Patients developing an AKI following their operation and during the same admission were identified automatically on our online pathology results system using the Acute Kidney Injury Network (AKIN) criteria, based on a rise in serum creatinine of >26.4 µmol/L over 48 hours or a rise >1.5 times the baseline serum creatinine.20 Urine output was not used as this information was not readily available and there were concerns over accuracy of documentation.

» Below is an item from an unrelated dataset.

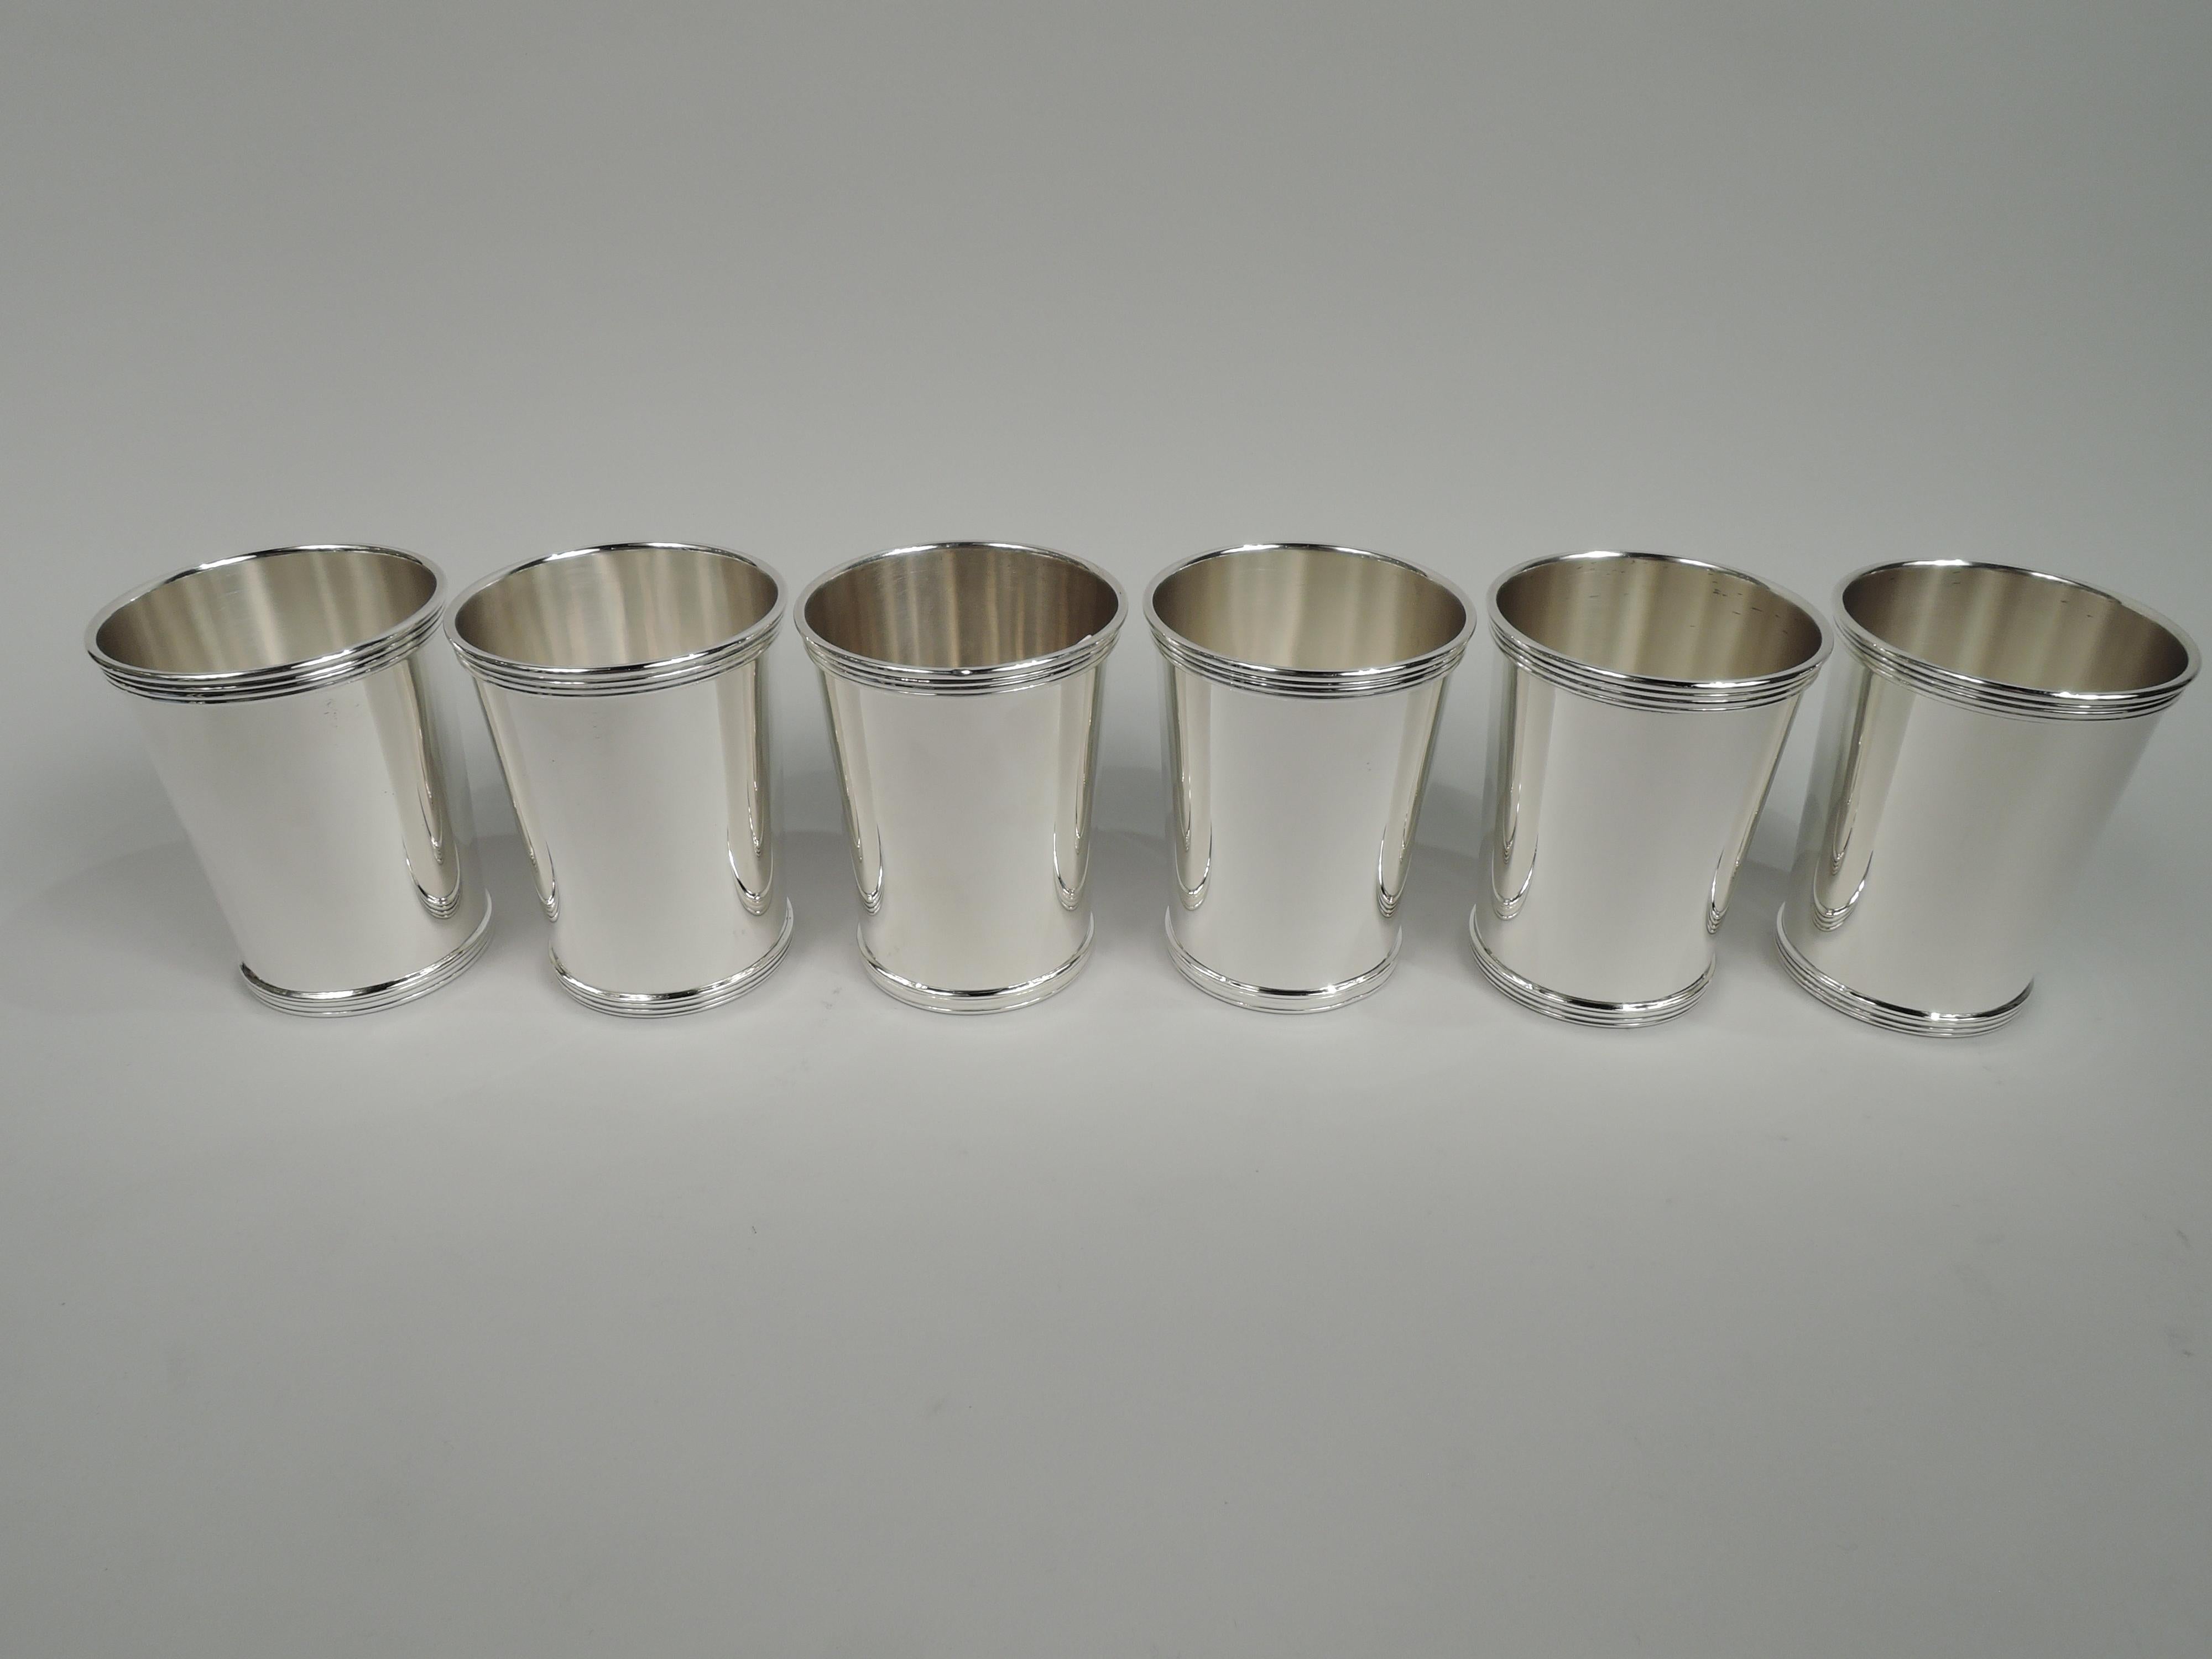 Set of 6 sterling silver mint julep cups. Made by International Silver Co. in Meriden, Conn. Each: Straight and tapering sides, and reeded rim and base. Fully marked including maker’s stamp and no. 10125/1. Total weight: 23.5 troy ounces.

For patients identified as developing a postoperative AKI, data were collected on known AKI risk factors. Patients’ sex, age on admission, whether the operation was elective or emergency, the ASA grade of patients, length of hospital stay and 1-year postoperative mortality is routinely coded and was provided to us by the Trust Informatics team. From patient observation charts, we recorded whether patients had an episode of hypotension (defined as systolic blood pressure <90 mm Hg) during their admission as a proxy marker of hypovolaemia. From computerised patient drug charts, it was recorded whether they were prescribed different nephrotoxic drug classes prior to the development of AKI including NSAIDs, ACEi or ARB, gentamicin or diuretics. The full list of medications included in these categories can be found in online supplemental appendix 1. A composite variable of the number of risk factor drug classes prescribed was calculated. The stage of AKI (as per the AKIN criteria) and the number of days postoperatively the AKI developed were calculated.

Supplemental material

For the final period of data collection, the same relevant variables were collected for patients who underwent an elective or emergency T&O operation and did not develop an AKI to control for potential confounders. This was done by the Trust Informatics team using clinical coding from electronic patient notes. This was not feasible for our first PDSA cycles as the Trust switched to computer-based documentation mid-way through the second period of data collection.

Statistical analysis was conducted using R (V.3.6.3) and p values of <0.05 were considered statistically significant. Descriptive statistics of the demographic characteristics and prevalence of AKI risk factors across the three cycles and between patients with AKI and patients without AKI in the final cycle were reported. Visual inspection of histograms and the Shapiro-Wilk test were used to determine whether data were normally distributed. The Kruskal-Wallis test, χ2 test and Fisher’s exact test were conducted as appropriate to determine significant differences between the groups with regard to demographic characteristics and AKI risk factors.

To control for confounders and using all eligible patients from the final cycle of data collection, additional binary logistic regression models were constructed with development of postoperative AKI as the outcome and demographic variables, potential risk factors and use of multiple risk factor drug classes as covariates. Further multiple linear regression and binary logistic regression models were constructed for the outcomes of length of stay and 1-year postoperative mortality, respectively, using demographic variables and occurrence of postoperative AKI as covariates.

Design

Our QIP team consisted of T&O junior doctors, medical students, T&O consultants and colleagues of the orthogeriatrics team. We arranged team meetings following each data collection cycle to discuss the results and potential interventions we could implement. Additional key groups involved in the project included the Trust Informatics and Clinical Effectiveness teams. There was no patient or public involvement at any stage in the project.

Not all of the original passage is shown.